In his second meeting as a board member, White suggested the school system needs to have some kind of communications specialist, whether it be in the form of a dedicated staff member, a contracted worker or one shared with another RESA III school district.
White said he spoke with a representative for Wayne County Schools, who said it was odd for a school system as large as Kanawha County to not have someone in charge of public relations.
Superintendent Ron Duerring said while there isn’t a dedicated communications director, there are staff members who fill the job duties of one.
He said Ronald Pauley, director and coordinator of supportive services, writes press releases and engages the public from time to time, though not to the extent of what White is proposing.
Becky Jordon said she likes the idea of having someone in charge of communications, but wants to table it because she feels Duerring “is at the front of the line” answering questions that come to the board. She also said the board has two newspapers and television stations to get news out.
Some would not agree with Jordon’s claims. In fact, several board candidates in May’s election, in addition to White, promised to improve the way the board communicated with the public if they were elected.
“There isn’t a true communicative process,” one candidate said in a Daily Mail editorial board meeting in April. “When people don’t know what’s going on, it breeds frustration and anger.”
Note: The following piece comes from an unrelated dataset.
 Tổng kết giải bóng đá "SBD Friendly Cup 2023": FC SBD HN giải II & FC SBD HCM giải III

It can also lead to the public missing out on good news, too.
White said he was told about three student scholars in St. Albans who were honored last month that no one knew about.
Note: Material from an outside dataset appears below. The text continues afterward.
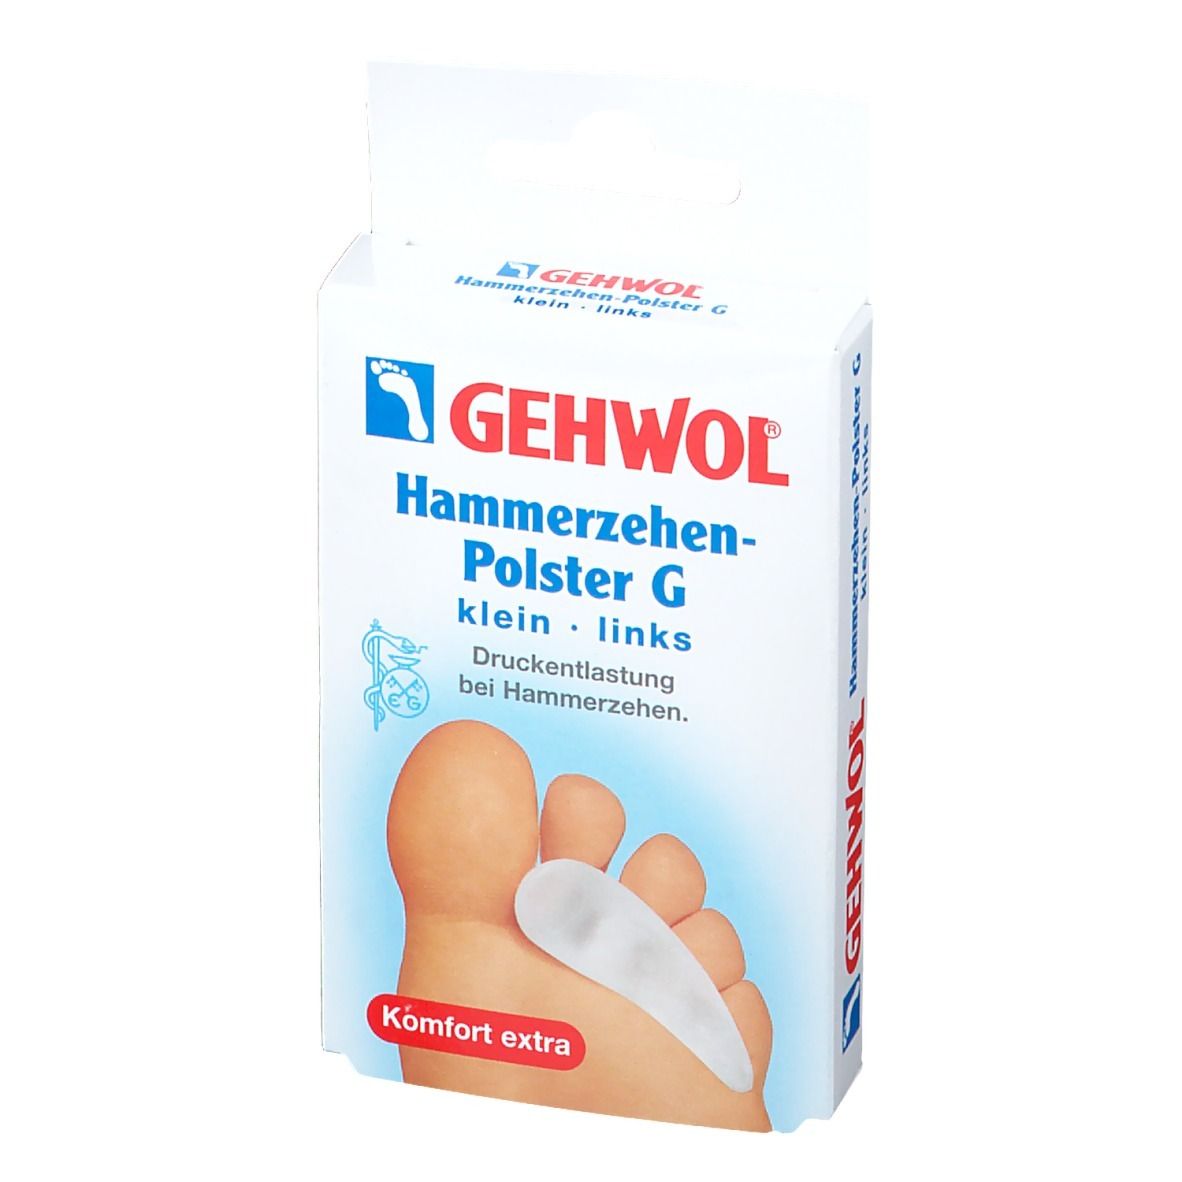 GEHWOL® Hammerzehen-Polster G links klein

“It didn’t hit the press,” he said. “That’s something that should be known.”
Board President Robin Rector said the board is certainly missing opportunities to share success stories among other things, but offered to see if the board’s parent leadership committee could take on some of the responsibilities.
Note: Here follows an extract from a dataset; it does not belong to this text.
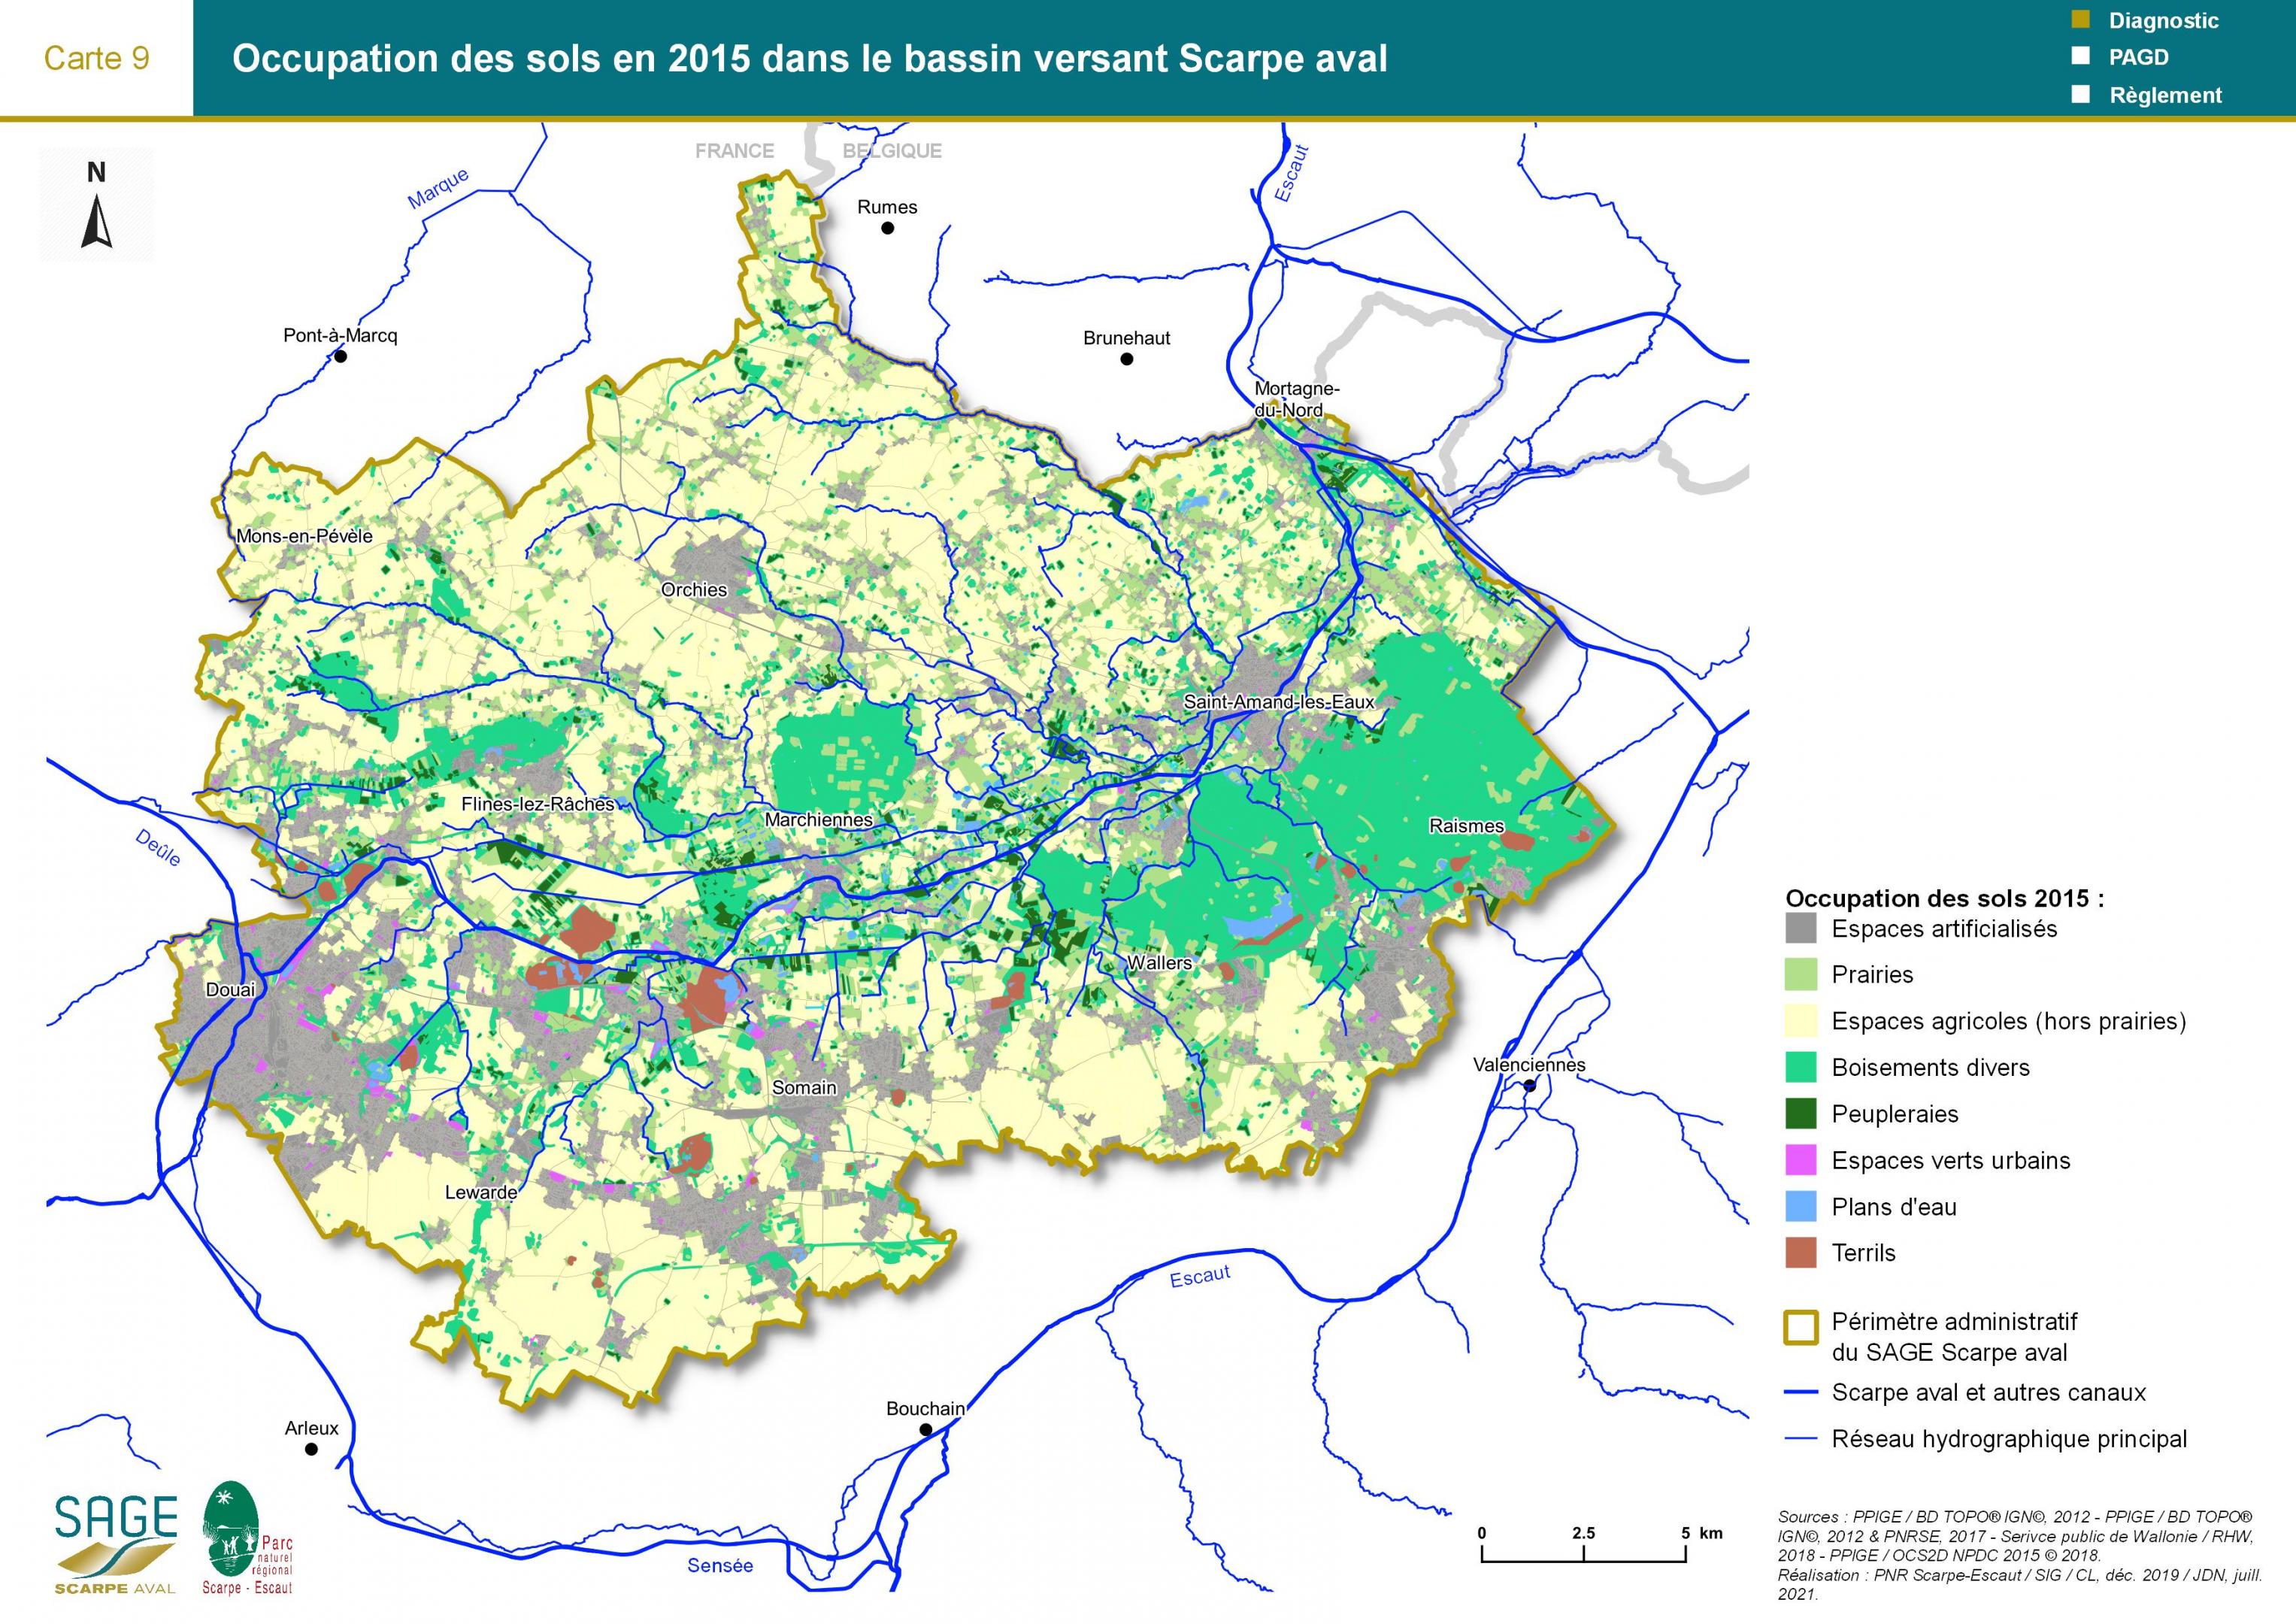 Etat des lieux - Carte 9 : Occupation des sols en 2015 dans le bassin versant Scarpe aval

If the board were to hire a communications director, the position would pay a salary of $50,000, according to a school official.
That number didn’t sit well with Pete Thaw, who was a member of the board when it and former spokesman Randy Shillingburg had a controversial breakup in 2000.
He and Jordon, who also was a member at the time, agreed that the board has done fine communicating with the public since then.
Thaw asked other board members if they really wanted to spend $50,000 on a “PR person who won’t do anything to educate one person.”
Jordon said even if the board had the money for one, she would rather it be spent on something else more important.
Duerring, who was superintendent the last time the board had a spokesperson, said the school system is going to have a new website and social media presence that will improve communication. There also will be a Kanawha County Schools application, he said. Each will launch by the start of school next month.
In other business, the board discussed state school board member William White’s comments that the state wanted to take over Kanawha County’s West Side schools due to years of poor performance.
The Charleston Gazette published the comments Thursday, but William White later refuted he ever made such a recommendation, which caused several board members to question if the West Side was in danger of a takeover.
“How are we going to handle his ridiculous claim for us to give up the West Side district?” Thaw asked Duerring, who later said he will respond to the state board by sending information about the progress in that district’s three schools.
Thaw wasn’t satisfied with that answer and asked Duerring what the board would do specifically to oppose the state from interfering with what the county is trying to do.
“I’m not sure this is even an issue,” Duerring said.
“It is when a state board member says he wants to carve out a part of our district,” Thaw said. “Is there a misunderstanding?”
Duerring and other board members weren’t sure if there was any truth to the claims, and Duerring said he will speak with state board members to clear up issues, if there are any.
“We have done an outstanding job on the West Side,” Thaw said. “It’s a model on how to work in a difficult area. I can’t believe this board isn’t more concerned.”
The board also approved the purchasing of 14 school buses through a state contract with Matheney Motor Truck Company for $1.3 million.
It also approved the purchasing and installation of new auditorium seating at Capital High School for $122,407.